** Opening PROVIDED RECORDS block **

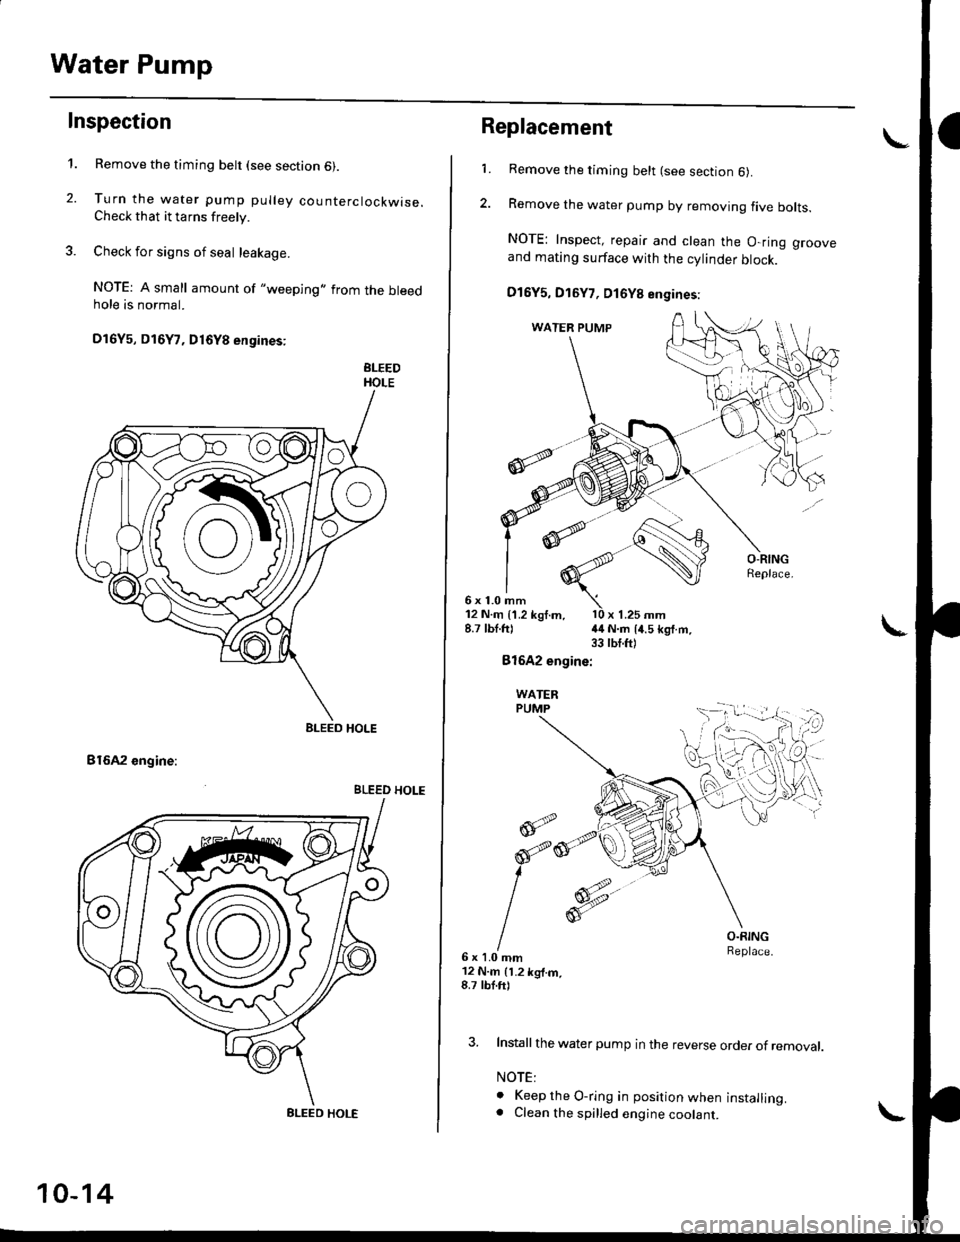 HONDA CIVIC 1998 6.G Workshop Manual Water Pump
Inspection
t.
2.
Remove the timing belt (see section 6).
Turn the water pump pulley counterclockwise.Check that it tarns freely.
Check for signs of seal leakage.
NOTE: A small amount of "w
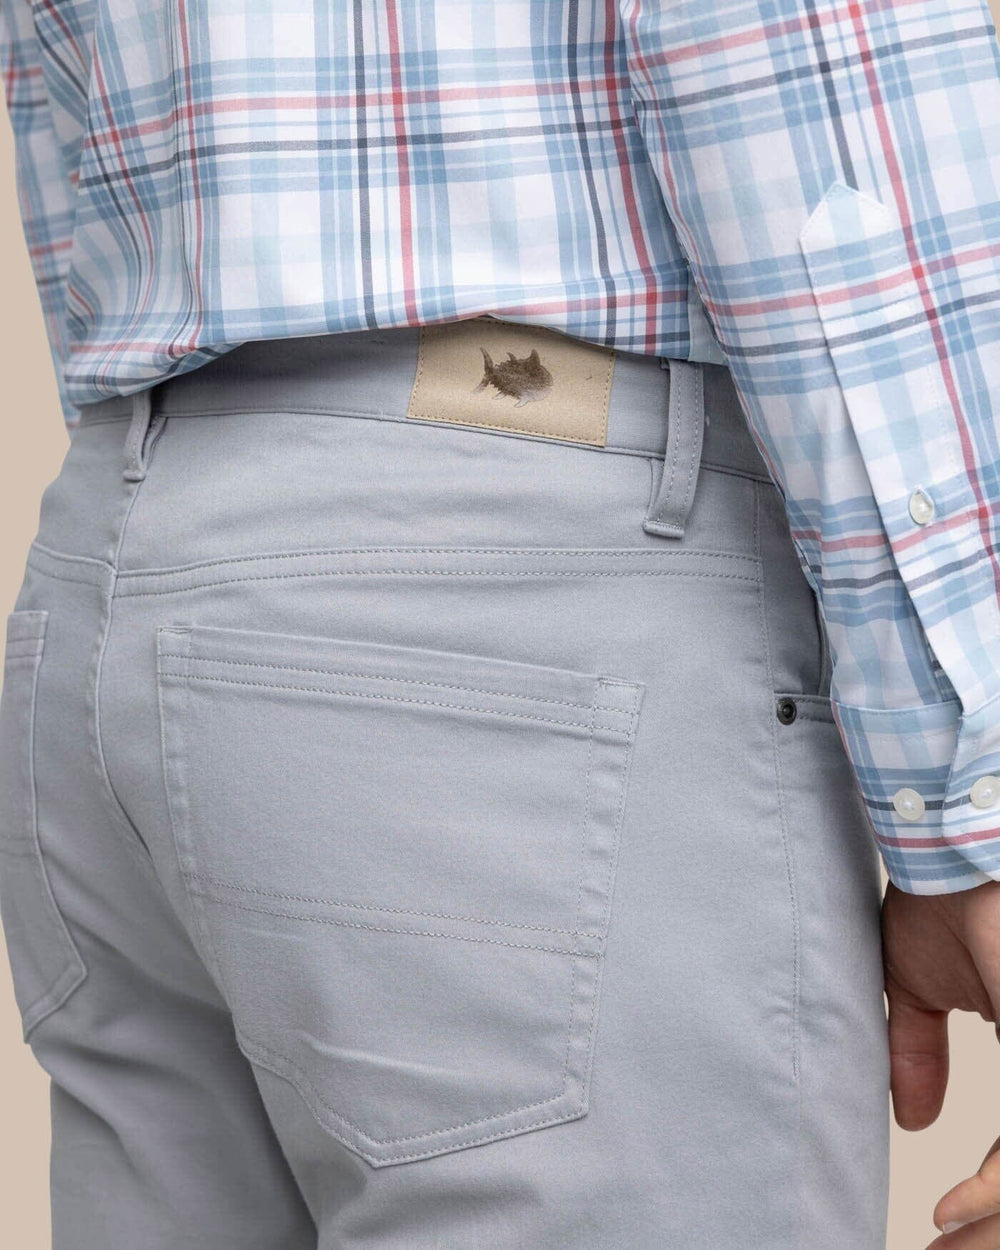 The detail view of the Southern Tide Sullivan Five Pocket Pant by Southern Tide - Ultimate Grey
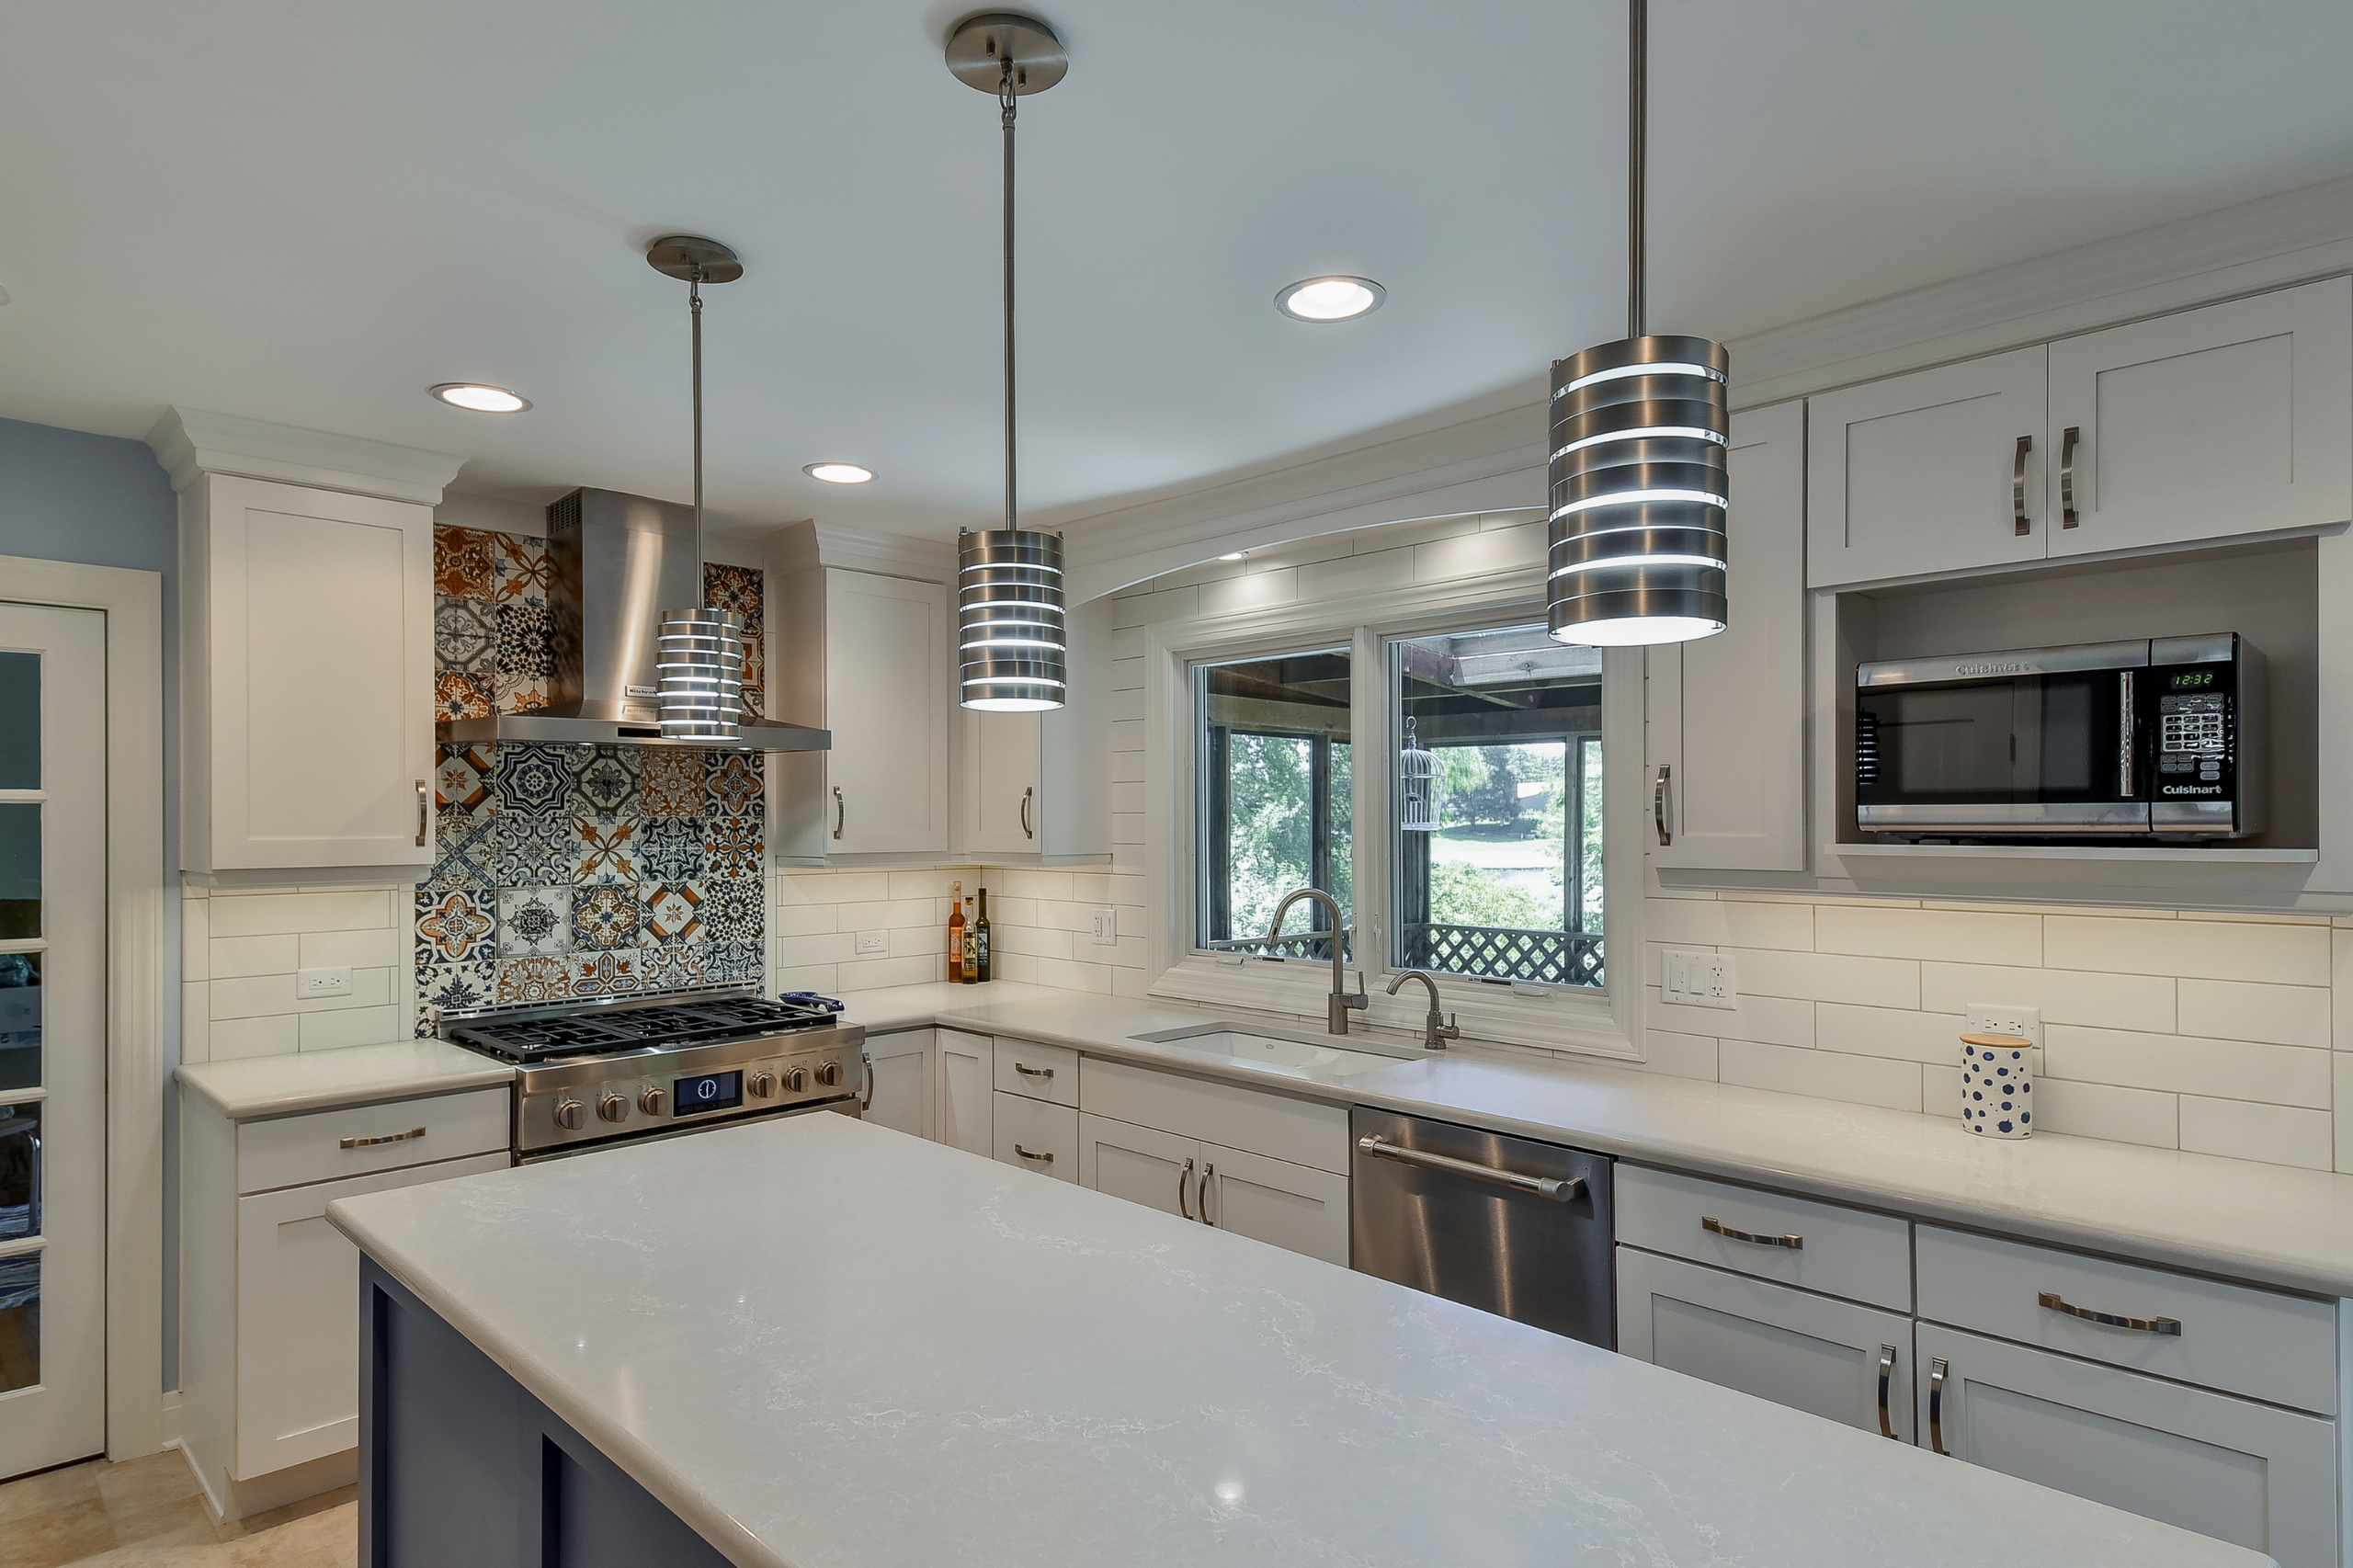 How to Choose the Right Kitchen Island Lights

** Closing PROVIDED RECORDS block **

## WORK REQUIRED
In the material above, repeat each entry exactly and omit every picture.

## RESPONSE TO THE EXERCISE
 HONDA CIVIC 1998 6.G Workshop Manual Water Pump
Inspection
t.
2.
Remove the timing belt (see section 6).
Turn the water pump pulley counterclockwise.Check that it tarns freely.
Check for signs of seal leakage.
NOTE: A small amount of "w
 The detail view of the Southern Tide Sullivan Five Pocket Pant by Southern Tide - Ultimate Grey
 How to Choose the Right Kitchen Island Lights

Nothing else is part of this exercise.